Хрюкающие, воющие голоса пугают запоздалого путника. Маленькие чертенятки
скачут прямо через сугроб, и конь пятит в оглоблях, и седок невольно
крестит лоб, хоть и знает, что нынче Святки и, пока кудесы не <потонут>,
до нового года, в крещенской воде, жди чуда на каждом углу!
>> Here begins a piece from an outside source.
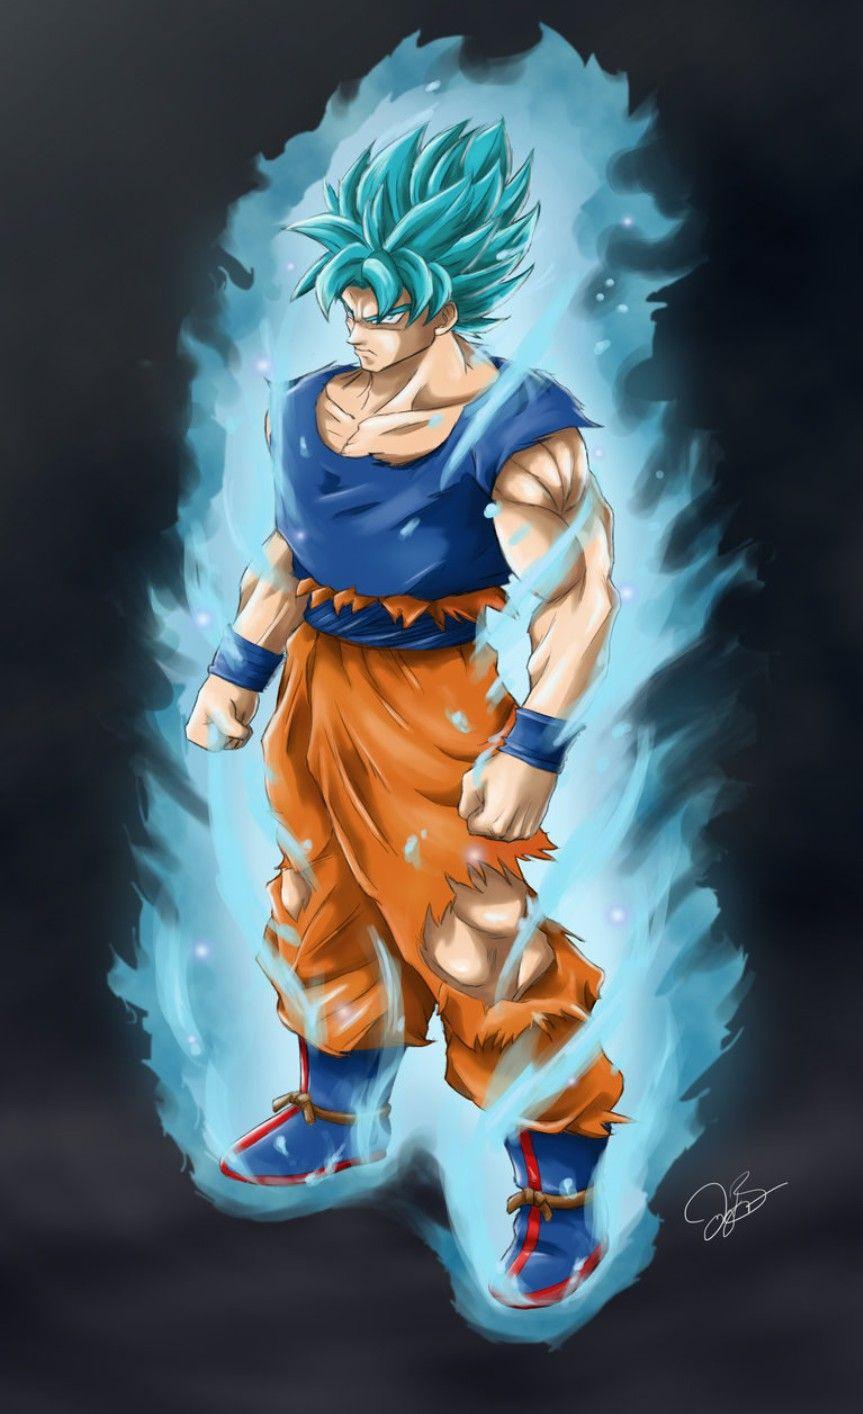 Goku Super Saiyan Blue Dragon Ball Super Anime Dragon Ball Super Goku Super Saiyan Blue Anime Dragon Ball
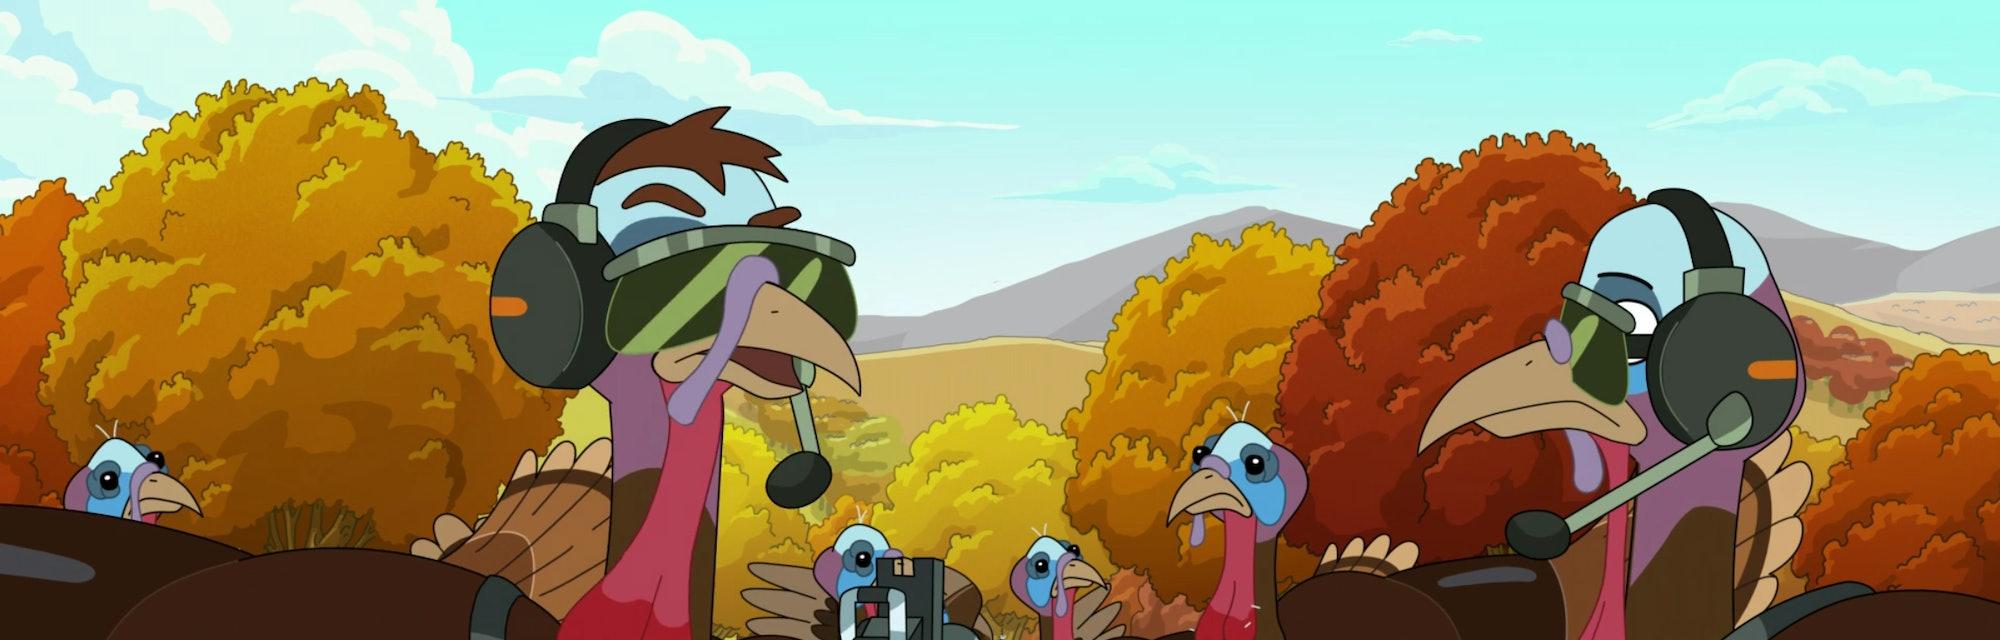 rick and morty season 5 turkey

Гуляют везде - на посаде и в Кремнике. Тут так же хлопают двери
боярских хором, с визгом и хохотом вваливаются ряженые, и не всегда
поймешь: то ли это голытьба, набежавшая на даровое боярское угощение, то
ли свои, соседи, те же боярские отроки, а то и сами великие бояра и
боярыни в нарочитом тряпье и рванине - на Святках кудесить не заказано
всем!
Под стеною высокого терема Вельяминовых двое отставших от ватаги тихо
перепираются между собой. Один, в вывороченной шубе, в медвежьей харе на
голове, тянет другого, упирающегося, в наряде бухарского купца. А тот не
идет, и даже тут, под звездами, видно: заливается густым вишневым
румянцем.
- Да иди ты! Рохля! Ну! Диво дивное! Закрой рожу да и ступай! Мужик
ты ай нет? Дрожишь красною девицей! Чать не парень уже, лонись жонку
схоронил! Не укусит же она тебя! Ну! Я созову на сени, а ты уж сам сговори
с нею!
Андрей тянет старшего брата Ивана в терем, а тот не идет, мотает
головою, скоро слезы покажутся на глазах.
- Погоди, Андрюша, не могу. Боюсь. Ну да, боюсь! Люблю ее, понимаешь?
Жить без нее не могу! Как узрел... словно варом ожгло... Сам не свой, ни
рук ни ног не чую. Веришь - ночами не сплю из-за нее! Мне ее оскорбить -
лучше в омут, а брат, он...
- Семен? Уговорим! - решительно перебивает Андрей. - Чать не
какая-нибудь, а Вельяминова! Идем, не то оставят нас тута одних!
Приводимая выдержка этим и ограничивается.